When Maine is in the throes of tick season, huge bags of the eight-legged bugs arrive for testing at a Maine Medical Center lab in South Portland.
Most of the specimens are squashed, ripped apart or burned, evidence of their victims’ efforts to remove the tiny arachnids after a bite.
“It looks like people have taken a blowtorch to them to get them off,” said Charles Lubelczyk, field biologist at the MMC Research Institute’s Vector-Borne Disease Laboratory.
The samples come in baby food jars, contact lens cases, zip-lock bags and all manner of containers.
Many people who send ticks to the lab for testing are worried about disease, but the lab’s researchers do not test submitted bugs for Lyme disease or other illnesses. No lab in Maine does, including the state lab overseen by the Department of Health and Human Services that performs rabies and lead testing.
For those who want a tick checked for disease, and are willing to pay, the closest options are the University of Massachusetts Amherst and the University of Connecticut. The UMass testing program charges $40 per sample, while the UConn lab charges $50 to $100.
MMC’s lab, at no cost, identifies the species of tick — there are 15 in Maine — and determines how long a tick was attached to its host based on the amount of blood in its tiny body.

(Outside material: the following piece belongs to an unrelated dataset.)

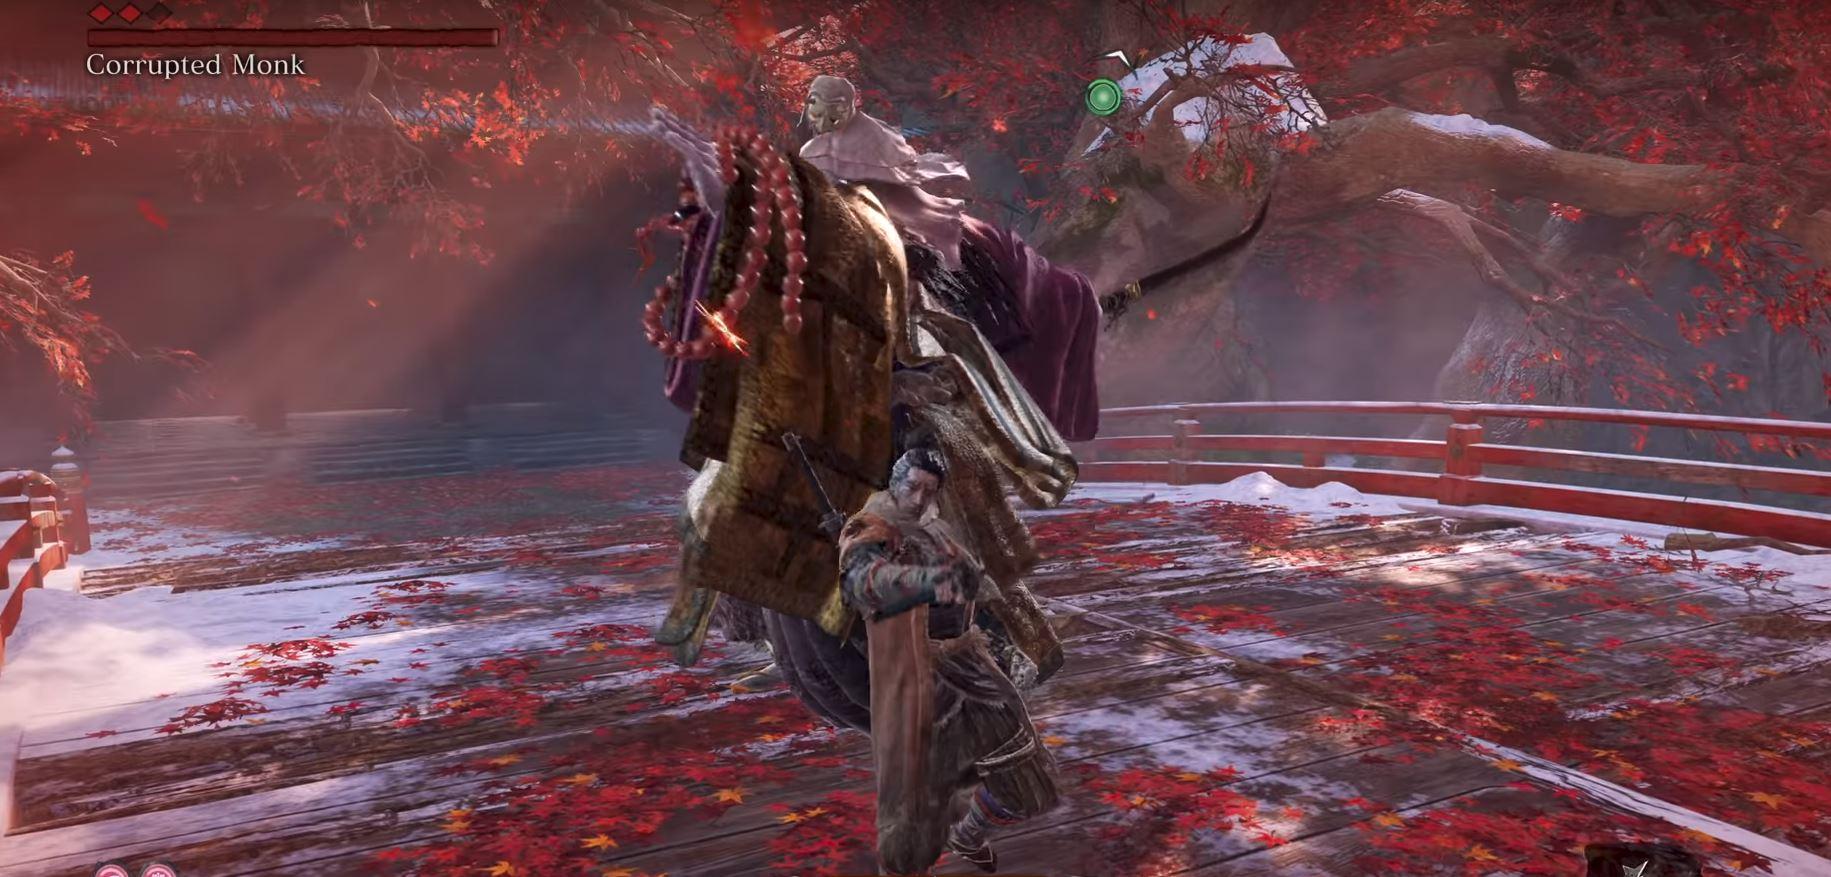 sekiro shadows die twice corrupted monk

Both pieces of information are useful in determining whether someone is likely to get sick from a tick bite. While some species don’t pose a risk to human health, the deer tick, which is spreading farther north into Maine, is known to transmit Lyme disease as well as two other illnesses emerging in the state: anaplasmosis and babesiosis.
In areas where the deer tick is more prevalent, such as York and Cumberland counties, up to 70 percent are estimated to carry disease, Lubelczyk said. The infection rate is about 40 percent in the Bangor area. It drops further in Aroostook County and Down East, but submissions from those regions are increasing, he said.

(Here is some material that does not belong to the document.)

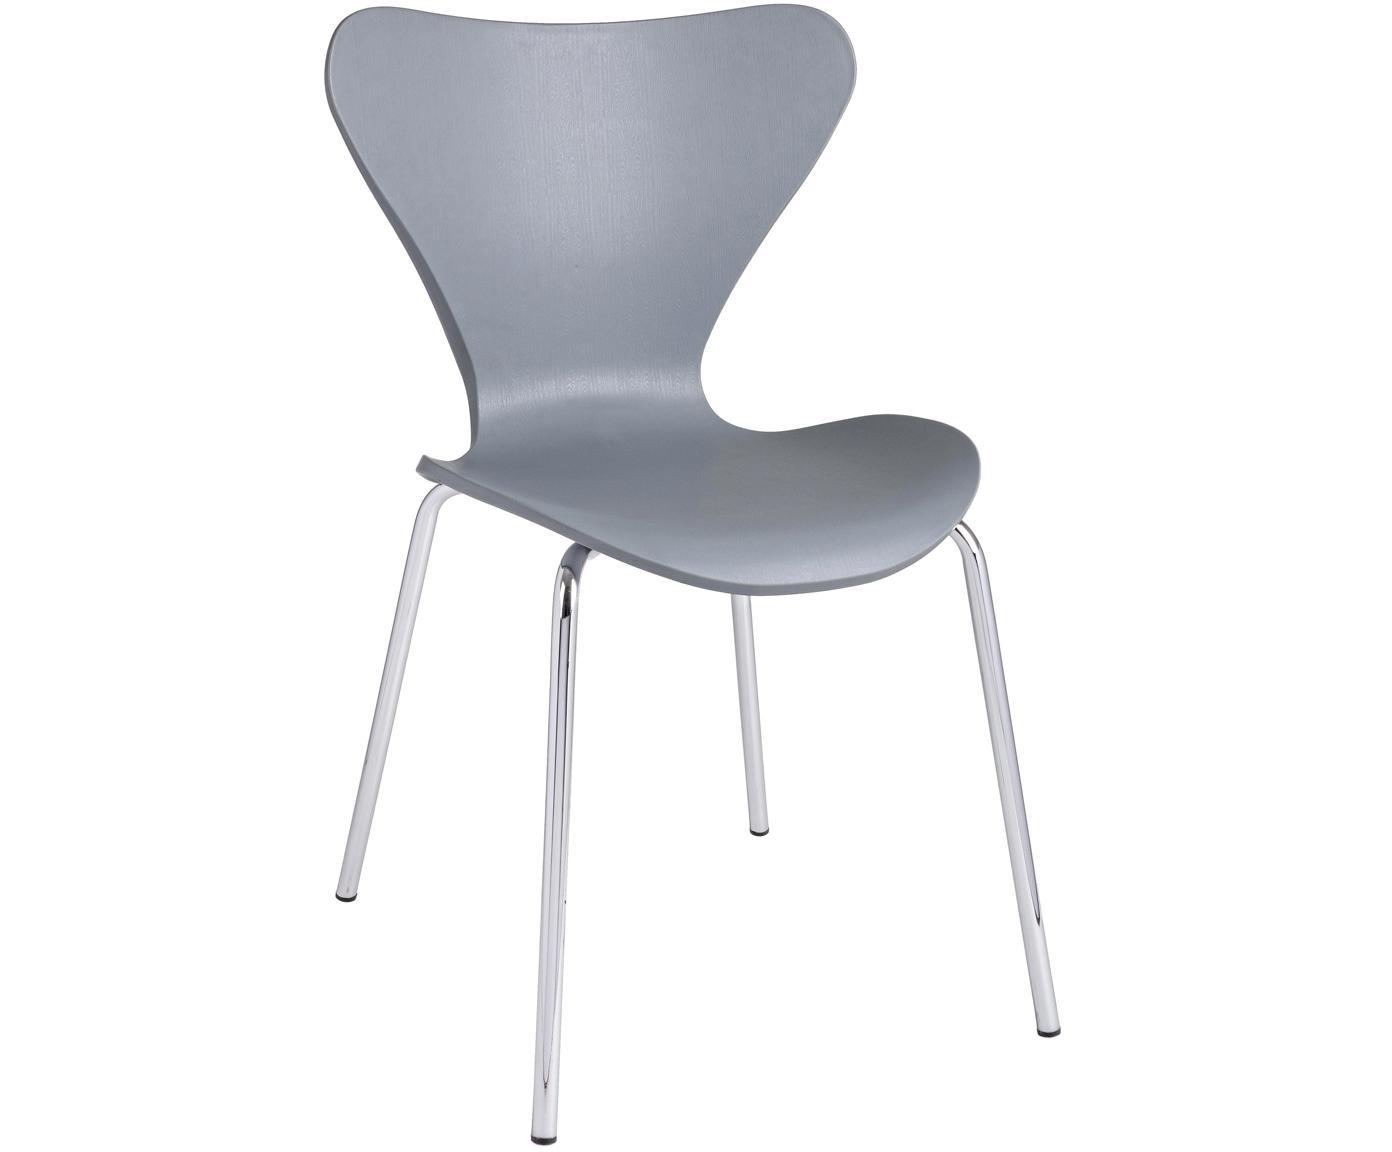 Sedia impilabile in plastica Tessa, 2 pz., Seduta: materiale sintetico (poli, Gambe: metallo cromato, Grigio chiaro, cromo, Larg. 50 x Prof. 50 cm

No matter where you are in the state, “the potential for infected ticks is going to be out there,” Lubelczyk said.
Deer ticks carrying disease must be attached for 36 to 48 hours to spread illness through a bite, he said.
Even then, the tick may or may not actually make you sick, according to Dr. Stephen Sears, state epidemiologist. Testing can tell you whether the tick that bit you carries an illness-causing organism, but not whether you’ve been exposed to the disease, he said.
“Even though a tick may be infected, it does not always transmit disease,” Sears said.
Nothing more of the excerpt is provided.